Banned: Growing number of high schools prohibiting fidget spinners

Posted May 9

Schools across the country are banning the toy that every kid wants - the fidget spinner.

According to SpinnerList, which claims to be the biggest database of all fidget spinners and makers on the market, 32 percent of the top 200 high schools in the United States have banned the toys.

The press release arrived in my inbox at about the same time my Wake County middle schooler's English teacher included this line in her weekly email to parents: "Fidget Spinners: They are no longer allowed in class because they are a distraction. They have not helped any student stay focused (except for focusing on doing tricks during instruction)."

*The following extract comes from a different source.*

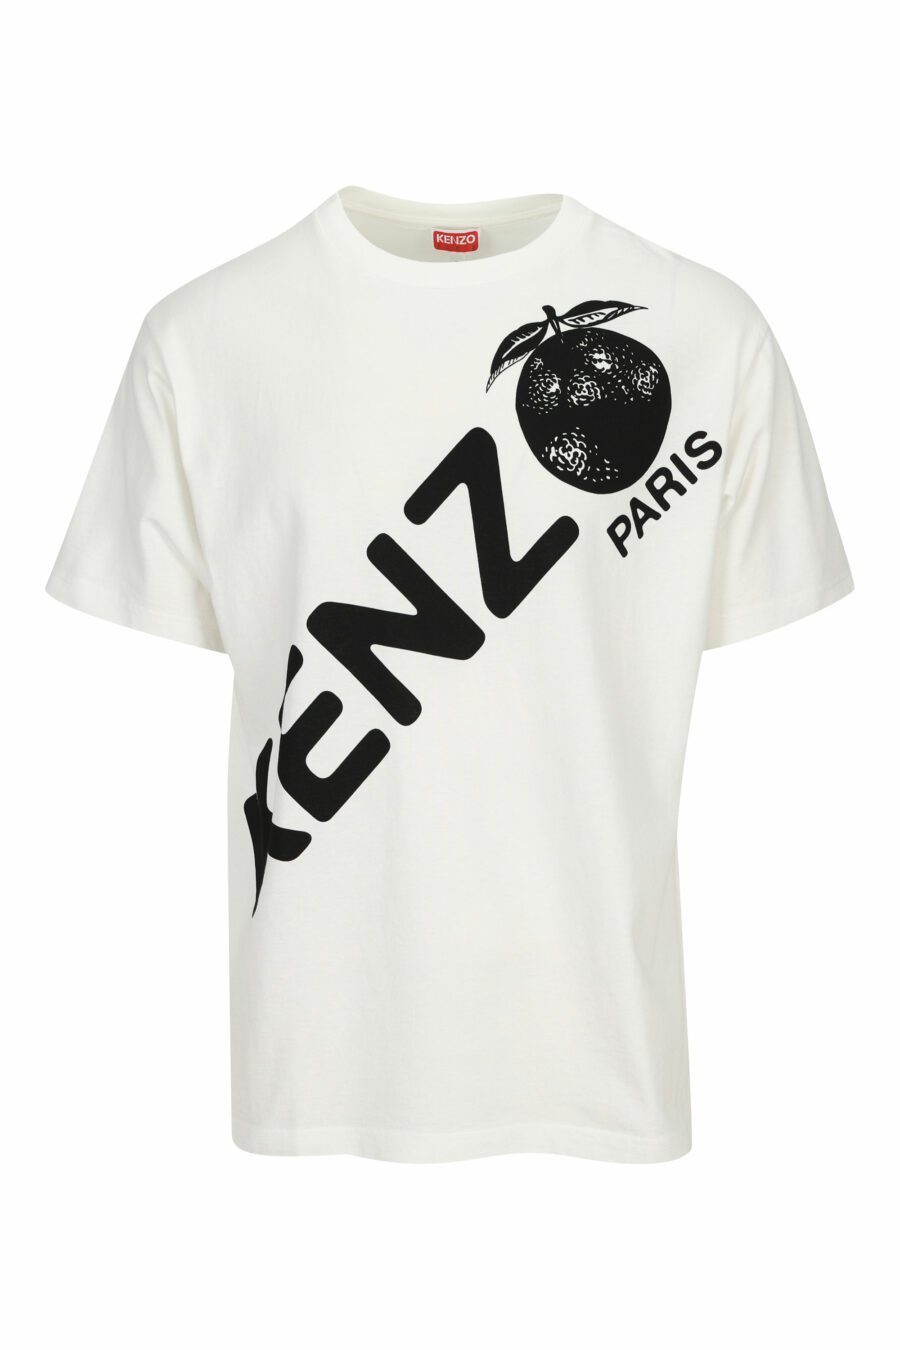 White T-shirt with diagonal maxilogo "kenzo orange" - 3612230627000

I've also heard from students, parents and teachers in other local schools that the toys are being banned, typically on a class-by-class basis. No school or system in the region have banned the toys entirely.

As I wrote late last month, the toys are all the rage at schools across the Triangle - and far beyond. The two- or three-pronged gadget rests on your fingers so that you can spin them. They are designed, according to manufacturers, to help those with ADHD, autism and other issues, joining other kinds of "fidget" toys that help some people focus.

In reality, teachers say they are a real distraction in the classroom as just about everybody has one - whether they need it to focus or not.

For the study, SpinnerList contacted the 200 largest high schools in the country - 100 public and 100 private schools. According to the website, 63 high schools indicated that fidget spinners are currently banned or will be by the end of the week. Of those 63, 27 are public high schools and 36 are private high schools.

Officials at three local school systems - Wake County, Cumberland County and Chapel Hill-Carrboro - say there are no district policies to prohibit the toys.

"According to our principals, some of our students are using fidget spinners," wrote Renarta C. Moyd with Cumberland County Schools in an email. "We have not seen any major problems with them because our teachers and school administrators are constantly reiterating to students the purpose of the tool. Also, central services has not addressed problems with fidget spinners."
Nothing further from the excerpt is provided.